17

Después de la cena Johnny Finch entretuvo a Alma y a los norteamericanos de su mesa. Se sentó en un sillón en el centro del salón y contó algunos chistes sobre automovilismo. Eran muy graciosos y estaban salpicados con nombres de gente de sociedad. Los hombres compraban coches caros para impresionar a las mujeres. Y los coches o los caballeros siempre terminaban recalentándose. «En el arte de la seducción —comentó Johnny a su audiencia—, el automóvil es un accesorio de poco fiar». Contó la historia del difunto rey Eduardo y un coche que había alquilado. El propietario tenía una fábrica de bebidas sin alcohol y esperaba ser nombrado proveedor oficial a cambio del coche. El rey fue al campo con una amiga y el coche se quedó sin gasolina. El rey no se inmutó y disfrutó de un placentero intervalo. Al final encendió un cigarro y le dijo a la dama que no había ningún problema porque llevaban una reserva de gasolina a bordo.

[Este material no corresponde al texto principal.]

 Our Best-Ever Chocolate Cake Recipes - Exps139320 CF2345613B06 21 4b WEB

Bajó y abrió la lata. Estaba llena de limonada. El fabricante se quedó sin nombramiento.

Las historias de Johnny atrajeron a más gente. A medianoche todavía estaba en eso. Los cuentos se volvían más picantes. Una mujer y su marido abandonaron el grupo y Alma era la única mujer que quedaba. Esperó que terminaran las carcajadas y se levantó para decir buenas noches.

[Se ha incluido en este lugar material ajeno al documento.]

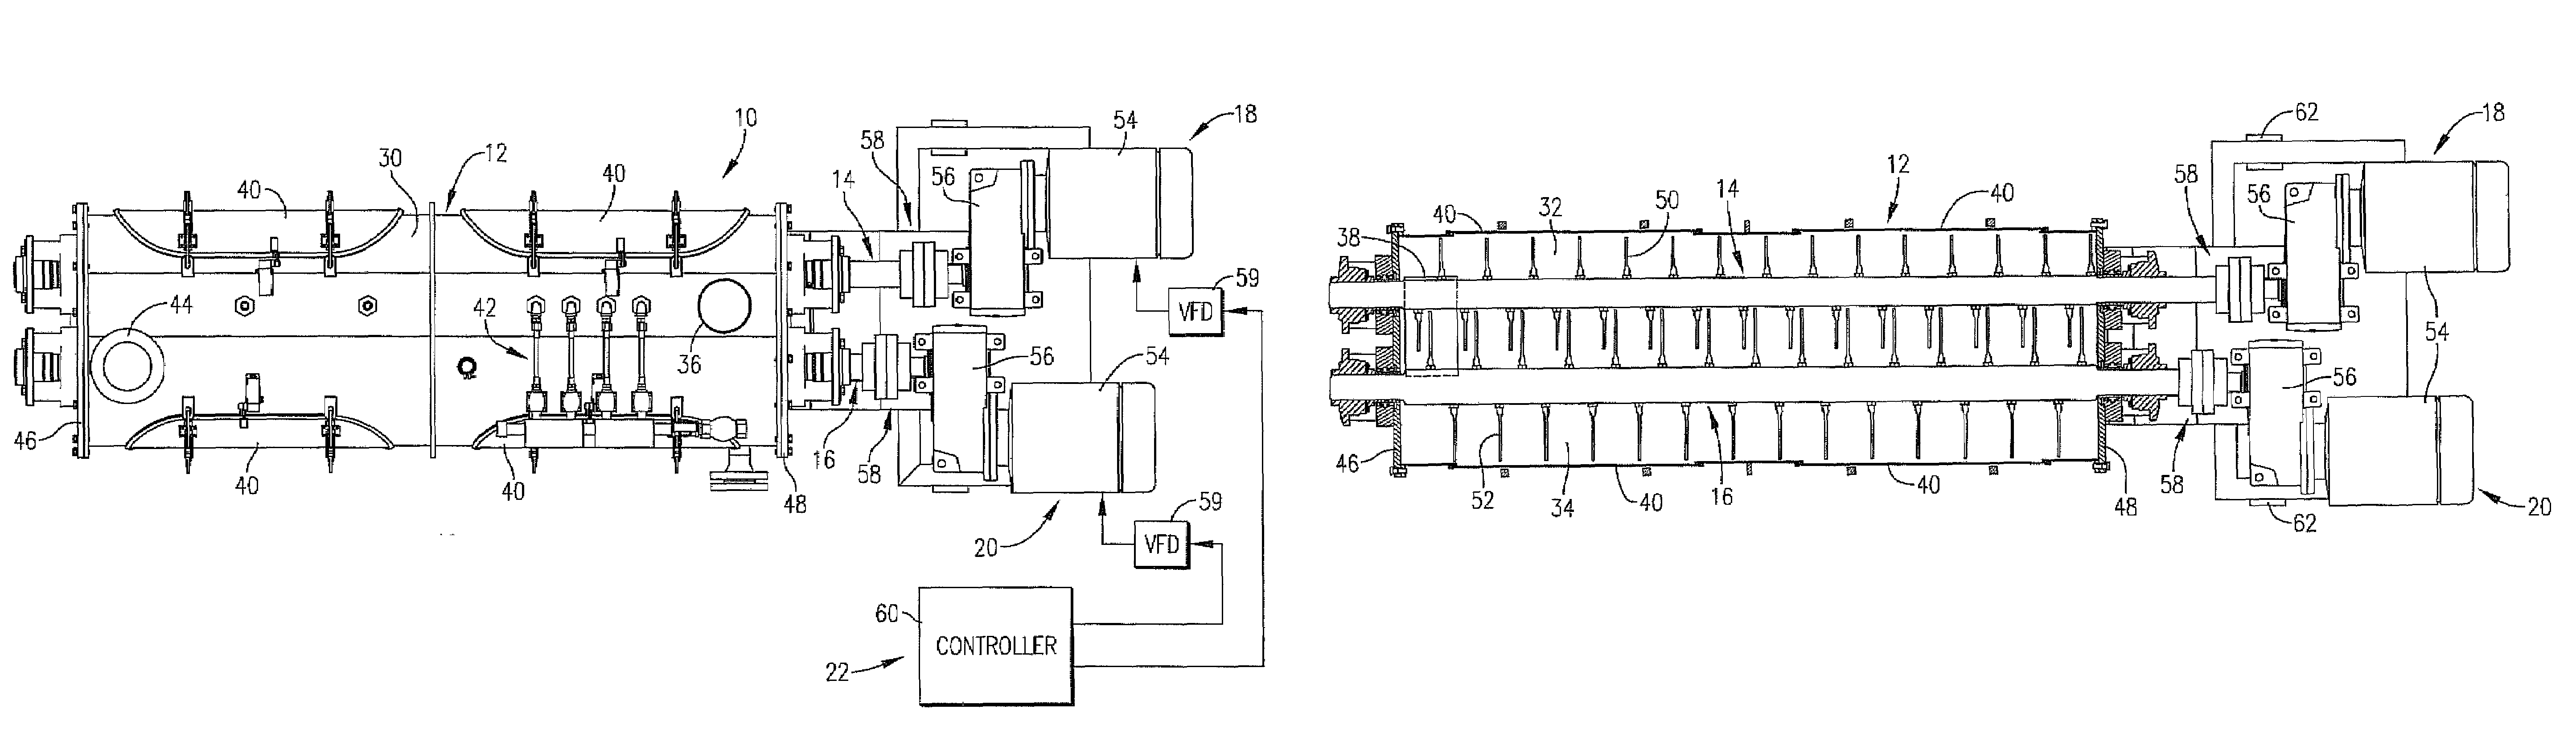 Preconditioner having mixer shafts independently driven with variable frequency drives

—¿Nos abandona tan temprano? —preguntó Johnny.

—Es más de media noche.

—Tiene razón, demonios. Y yo que tenía la esperanza de mostrarle mi Lanchester.

Todos rieron, incluso Alma.

—Tal vez más adelante.

—Le tomo la palabra. Buenas noches. —Johnny se embarcó en un cuento sobre Henry Ford.

Alma se dirigió a la cubierta D. Estaba un poco mareada. Había tomado más vino del previsto, pero cada vaso había servido para disolver sus temores. No podría haber afrontado la noche en el camarote 89 sin eso.

Los corredores estaban silenciosos y el barco estable. Toda oscilación provenía de su interior. Pero no tuvo problema en encontrar el camino. Siguió los cartelitos que indicaban los camarotes que comenzaban en 8, y los contó hasta llegar al 89.

El cartel de «No molestar» ya no estaba.

Abrió su bolso y revolvió el contenido para encontrar la llave. La sostuvo bajo la luz y controló el número. La colocó en la cerradura, esperó un segundo y abrió la puerta.

La luz estaba encendida y las cortinas corridas sobre los ojos de buey. El baúl estaba abierto.

Alma respiró hondo y se acercó lo suficiente como para mirar dentro. El baúl estaba vacío.

—Gracias a Dios —exclamó en voz alta, mientras cerraba la puerta del camarote.

Miró en el baño, abrió cajones y armarios. No podría dormir hasta que no supiera exactamente lo que había en ese cuarto. Vio la ropa de Lydia doblada con cuidado. Todo parecía limpio y nuevo. Había un camisón de satén negro. No pensaba usarlo.

Se sacó el vestido de noche y se limpió el maquillaje. Decidió darse un baño. Mientras estaba en el agua sintió como si el barco cambiara de rumbo. La cadencia de los motores se alteró y el agua de la bañera formó olas a su alrededor. Esto ocurrió un par de veces más y durante un rato pensó que la nave se había detenido. Se sacudió otra vez mientras que trataba de agarrar una toalla. Se le revolvió el estómago y deseó no haber bebido tanto vino.

Después el barco pareció volver a su antiguo ritmo y Alma se sintió más tranquila. Se metió en la cama. No había apagado la luz, pero estaba menos asustada de lo que pensaba. Ya había pasado lo peor. Volvió la cara hacia la pared y se quedó dormida.